Mark waited with the group till noontime, and then got up and wandered a few stores further up the corridor, thinking of the time and how far this corridor might last. Emily came and joined him, giving him a small smile as they met. They idly wandered up another couple of stores until they came to The Old Towne Spice Shoppe.

"Notice the setup for the food storage?" Emily asked. "It's the same as in the Candy Warehouse and in Kappa Alpha's kitchen. Everything is sealed in metal cabinets that hiss and snap when you close them. A rat doesn't stand a chance down here."

Mark nodded and looked back down the corridor. They were standing five stores over and on the other side of the corridor from Radio Shack, perhaps a hundred meters away but still in sight of the rest of the group. Mark considered the geometry of the mall for a moment and then commented, "This layout makes very little sense."

Emily grunted and replied sarcastically, "Duh, yah think?!"

The total cross-sectional width of the underground tunnel including the stores seemed to be twenty meters. There were seven meters of depth for the stores on both the inside and outside sides of the arc including the thickness of the walls between the stores and the corridor, and finally six meters of width in the central corridor itself.

The floors in the stores came in all sorts of colors and materials. The corridor floor was a uniform dull gray, except for a thin ten-centimeter line of a bright reddish stone running down the centerline, allowing for three meters of width to support the pedestrian traffic in each direction. It was ample space for their group, but for a large crowd, with all these stores, Mark thought it was way too narrow. He could envision a nightmare of human gridlock.

And the stores, they were so strange, and not just that they were open. It was their orientation. Each store interior was less than seven meters deep, fairly shallow, and would run in units of ten meters along the corridor. Each store seemed to have an upper and lower level, and twenty, thirty, and forty meters were the most common store lengths. Ace Hardware was currently the largest store they had seen at sixty meters, and they passed a place labeled Zonko's Joke Shoppe that was only ten meters in length.

Mark was staring up the corridor and then felt a hand on his shoulder. He turned and found Emily giving him a friendly but worried smile. She gave him a brief pat before lowering her arm. "Have you noticed, how difficult it would be to restock this place? The Dress Barn has that crazy backdoor, but for everything else, you'd have to restock through this corridor at night. I can't imagine the mall managers would allow pallets being trucked down these narrow corridors while the mall was open."

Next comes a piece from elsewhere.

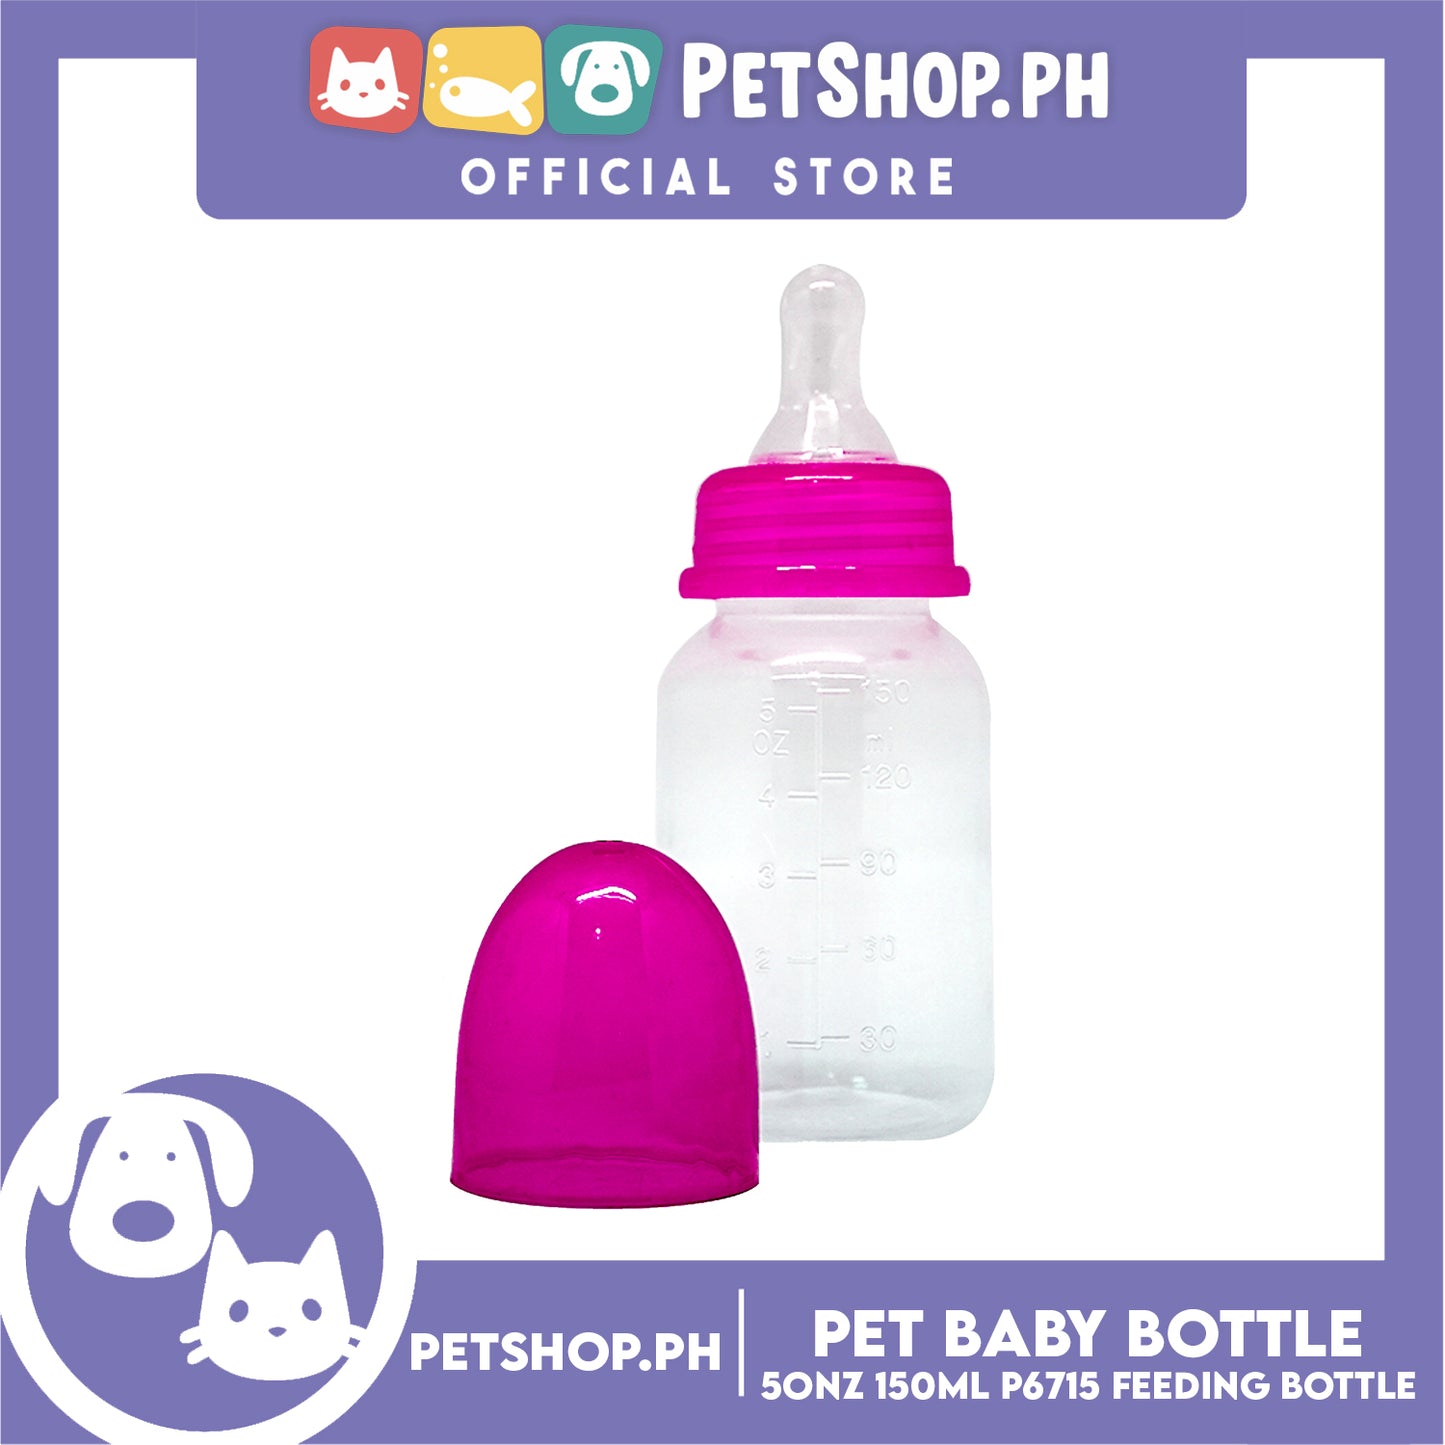 Pet Baby Bottle for Feeding Kittens and Puppies 5oz 150ml P6715- Feeding Bottle, Nursing Kit

Mark frowned. "That was one particular piece of insanity I hadn't considered. Thanks Emily."

"Yeah…" Another pat on his arm, near his wrist now, and this time her hand lingered. "I'm sorry for what I said earlier Mark, about the voting I mean. I think you're doing a fine job."

He blushed. "Hey, it really was okay. You had a point. I shouldn't be in charge just because I'm a guy. Emily?"

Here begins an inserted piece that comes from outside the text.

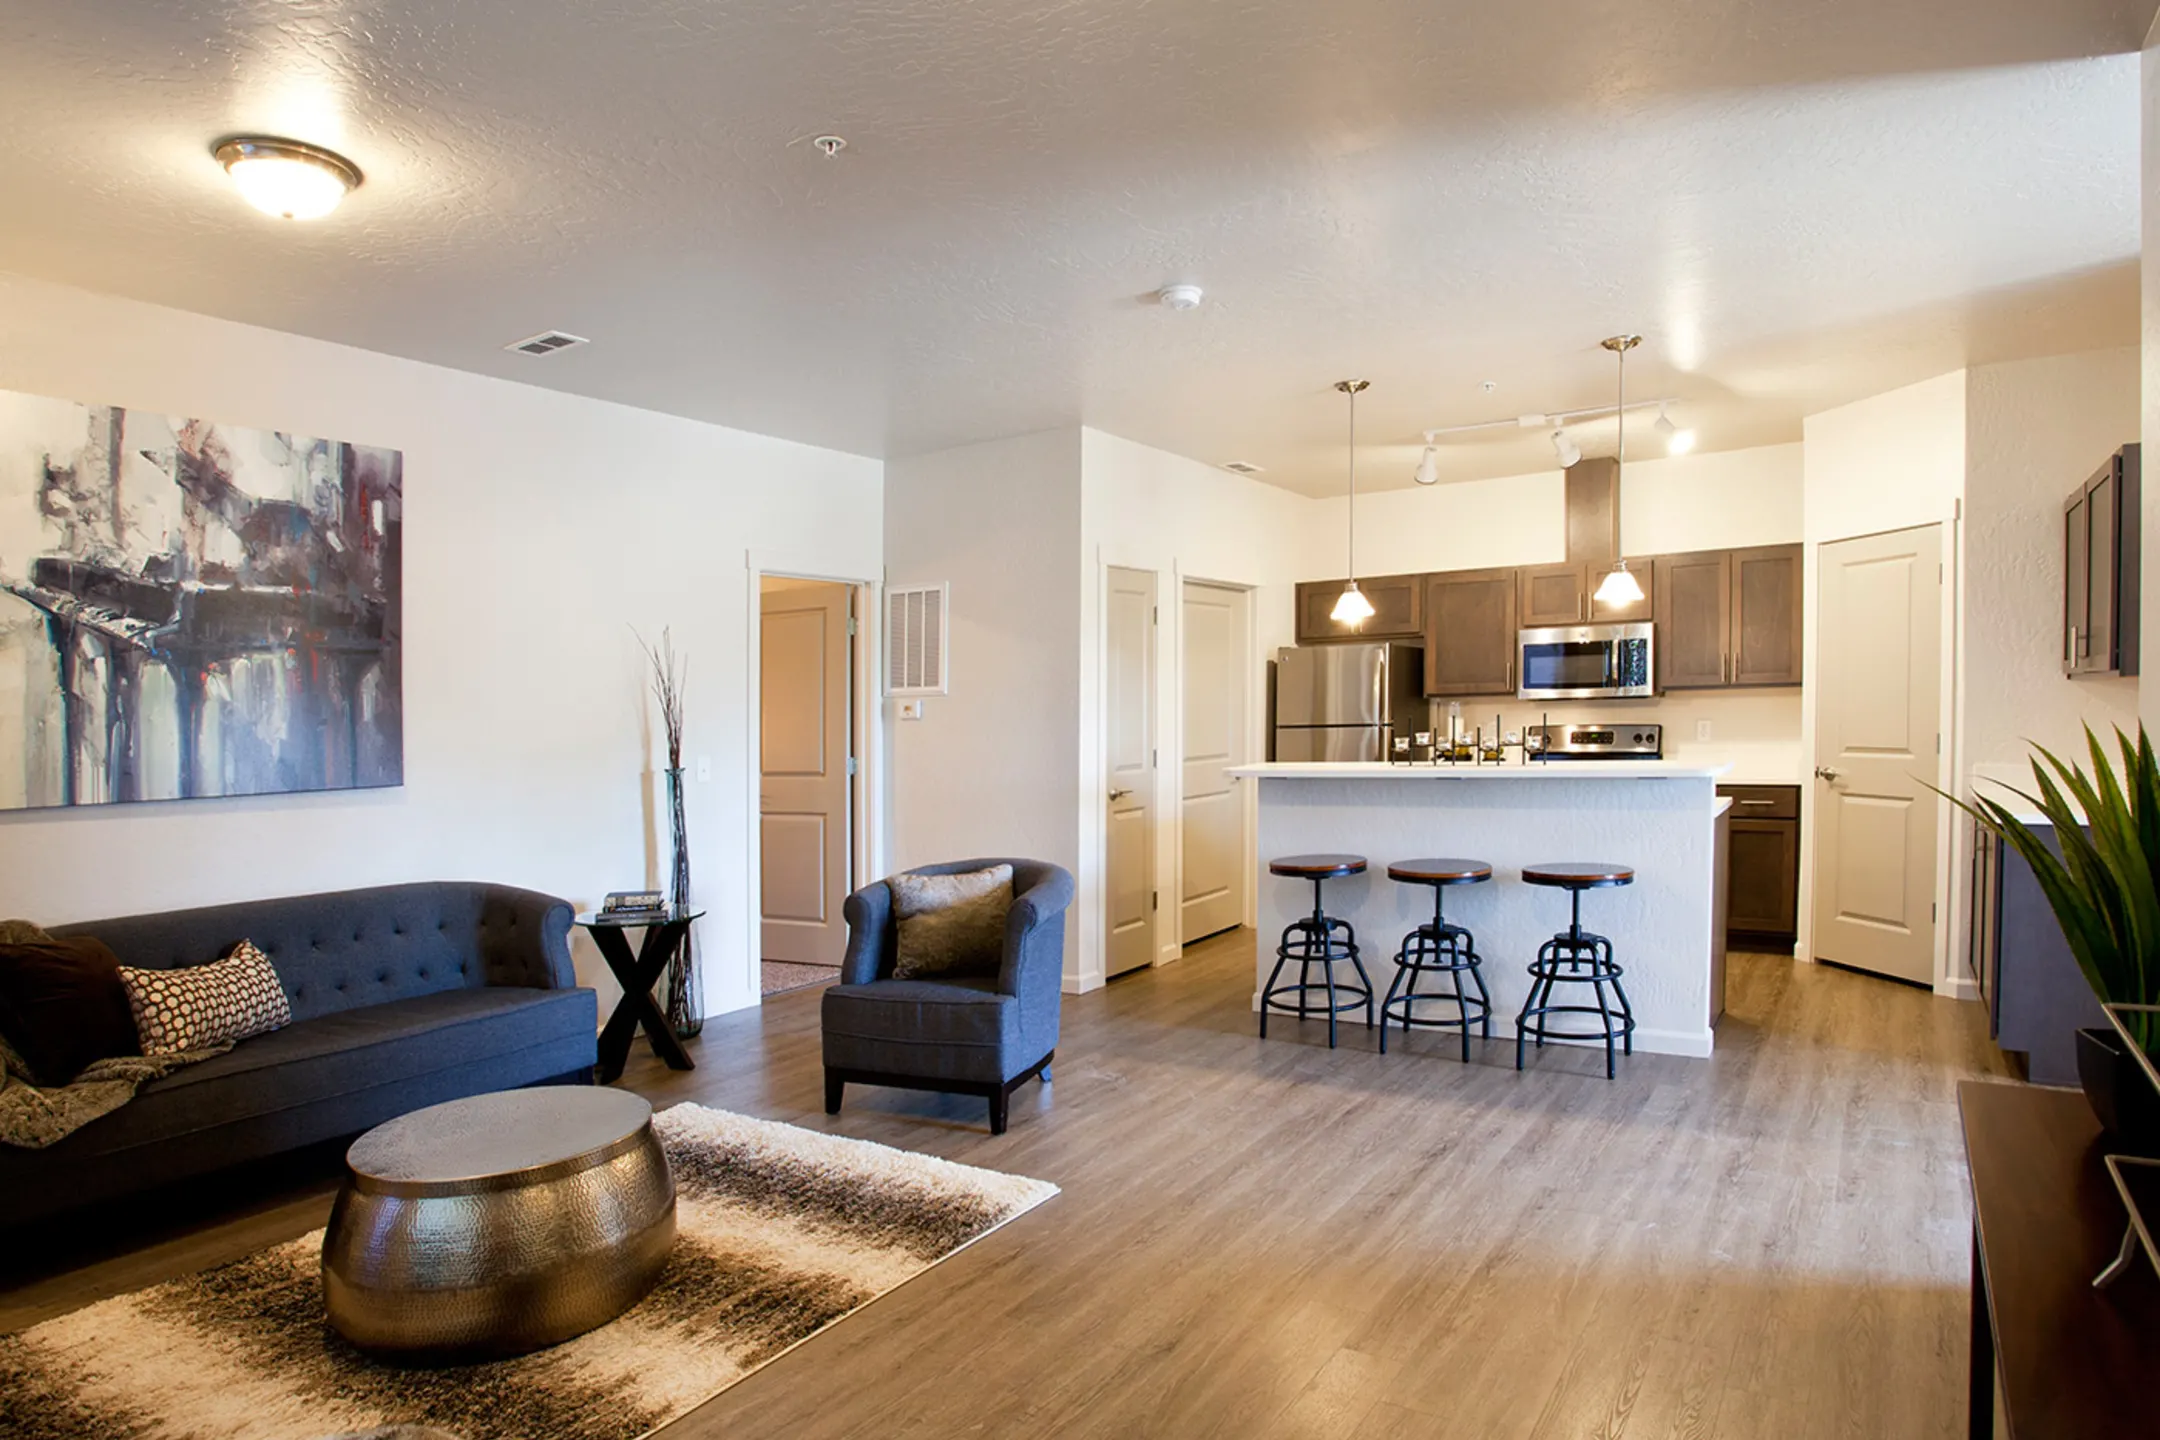 Legacy Villas Apartments - Liberty Lake, WA

She lowered her arm. "Uh huh?"

"From the curvature of the mall, I'm estimating a circumference of about ten kilometers, assuming it makes a complete circle. Do you agree?"

Emily stared for a long moment with a critical architectural eye. The corridor was a long tube six meters wide and eight meters high, providing ample height for both levels of the stores. Long rows of recessed lighting were providing pleasant and very adequate illumination. Emily stared down the corridor worked to estimate the circumference from the curvature of the bend. "Yeah, you're close, just a little light. I'm guessing the radius of curvature just over two kilometers… That would make the circumference… Wow, twelve kilometers plus… Wow…"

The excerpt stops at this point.